> _PROBLEM REQUIREMENTS_:
Every line of the listing belongs in your answer exactly as written; the images do not.

> _DATA EXCERPT_:
══════════════════════════════

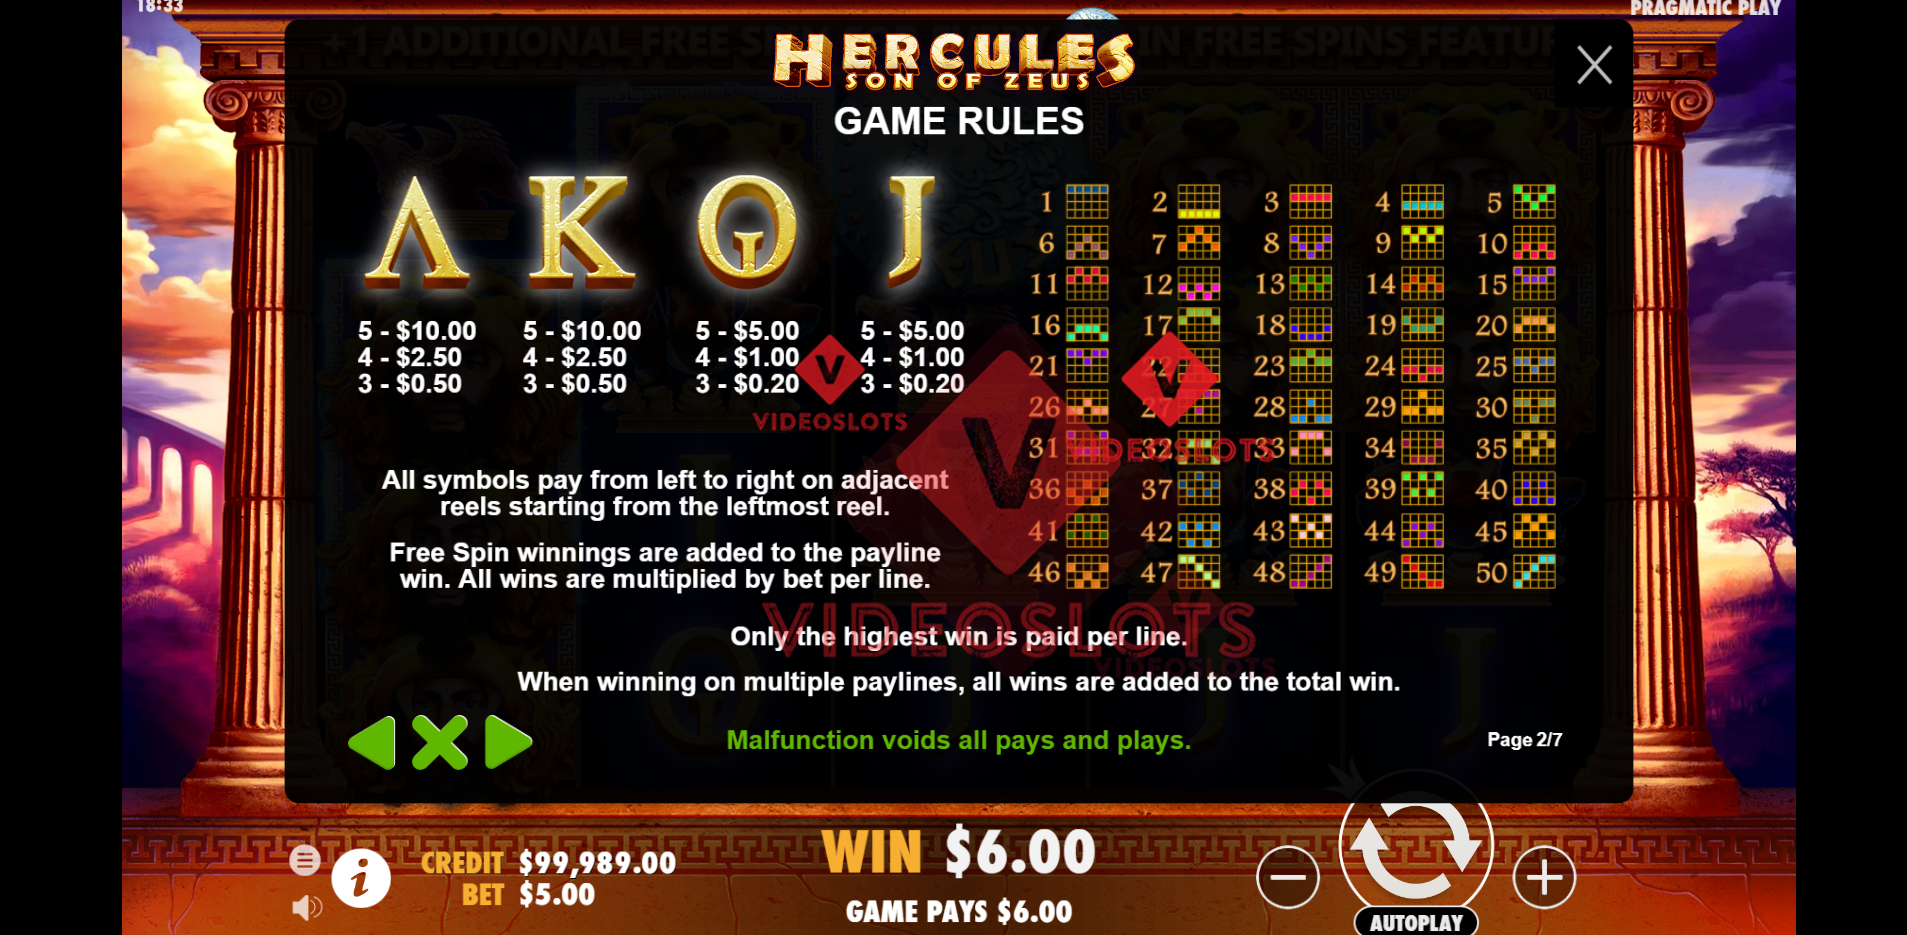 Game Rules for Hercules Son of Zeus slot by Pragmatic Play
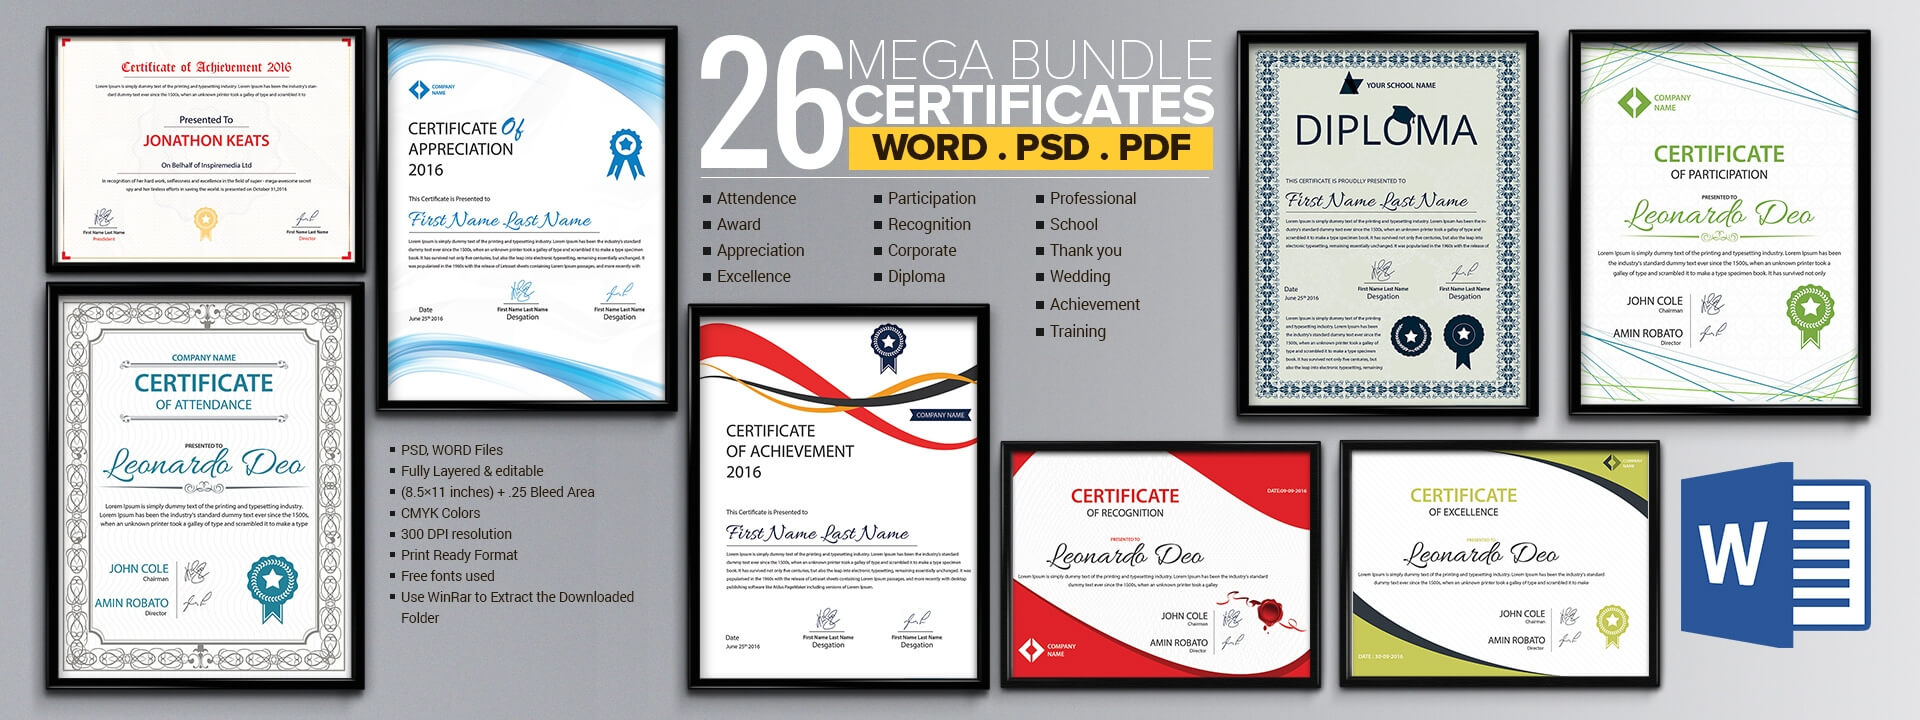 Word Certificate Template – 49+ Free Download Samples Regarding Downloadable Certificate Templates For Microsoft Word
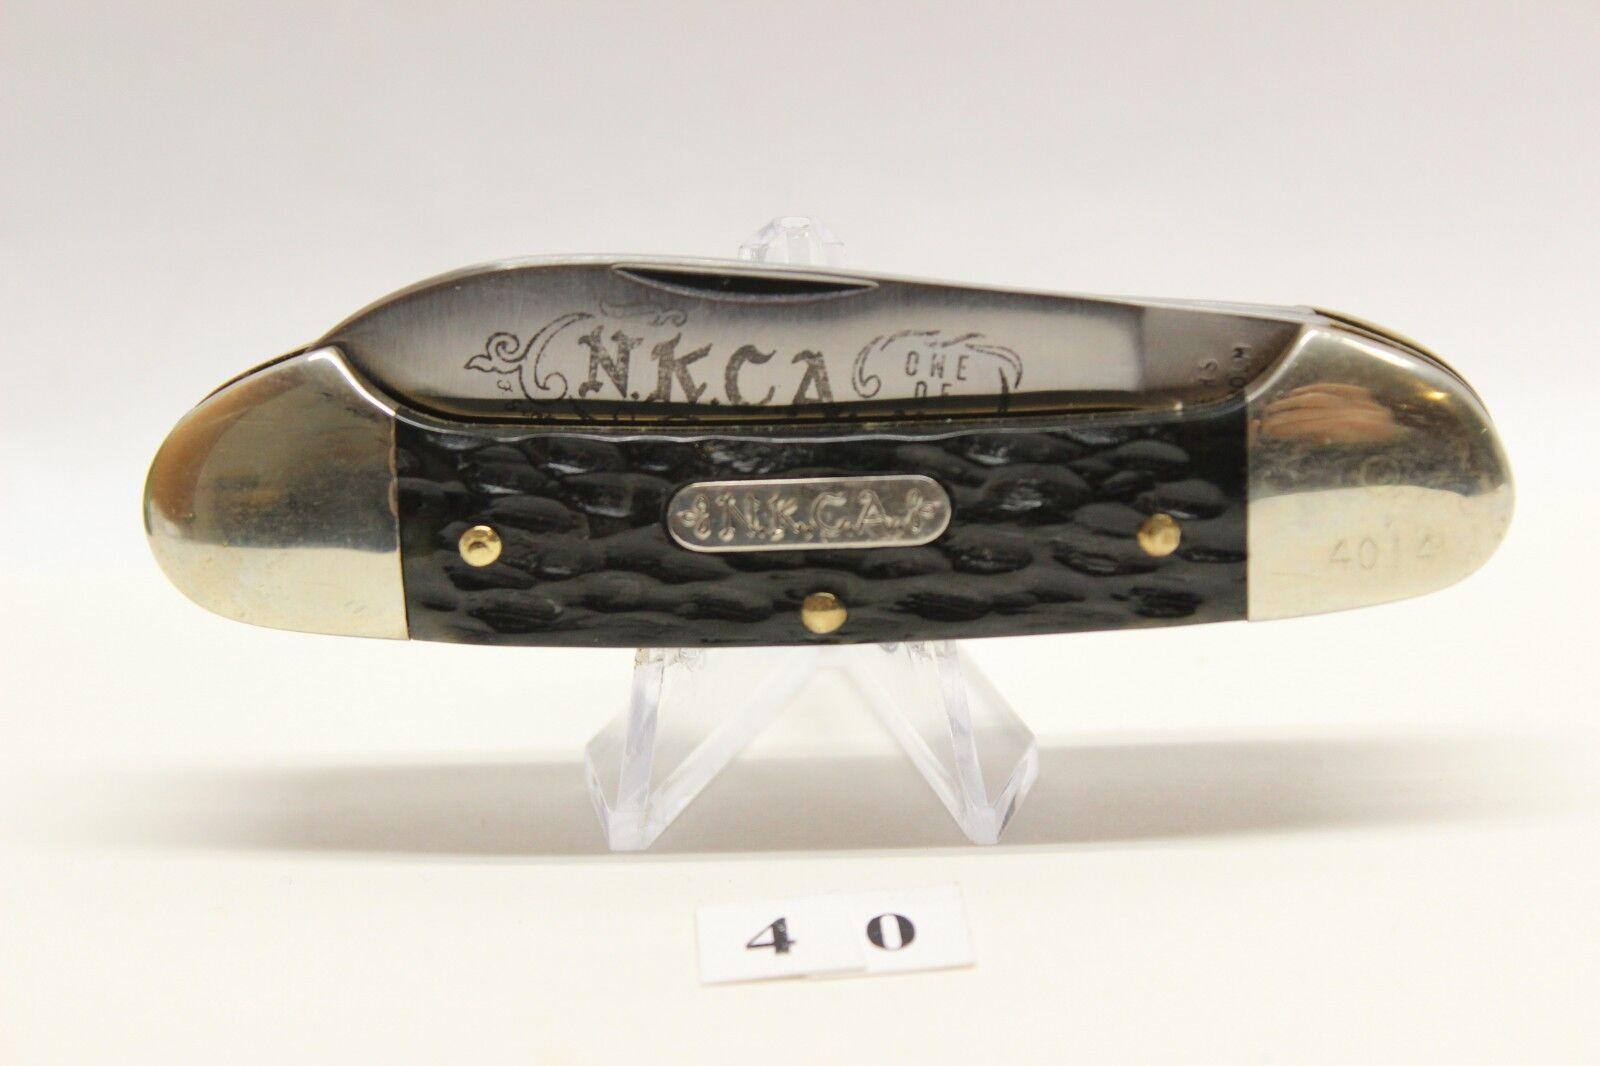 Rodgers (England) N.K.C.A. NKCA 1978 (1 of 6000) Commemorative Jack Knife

══════════════════════════════

> _SOLUTION TO THIS EXERCISE_:
 Game Rules for Hercules Son of Zeus slot by Pragmatic Play
 Word Certificate Template – 49+ Free Download Samples Regarding Downloadable Certificate Templates For Microsoft Word
 Rodgers (England) N.K.C.A. NKCA 1978 (1 of 6000) Commemorative Jack Knife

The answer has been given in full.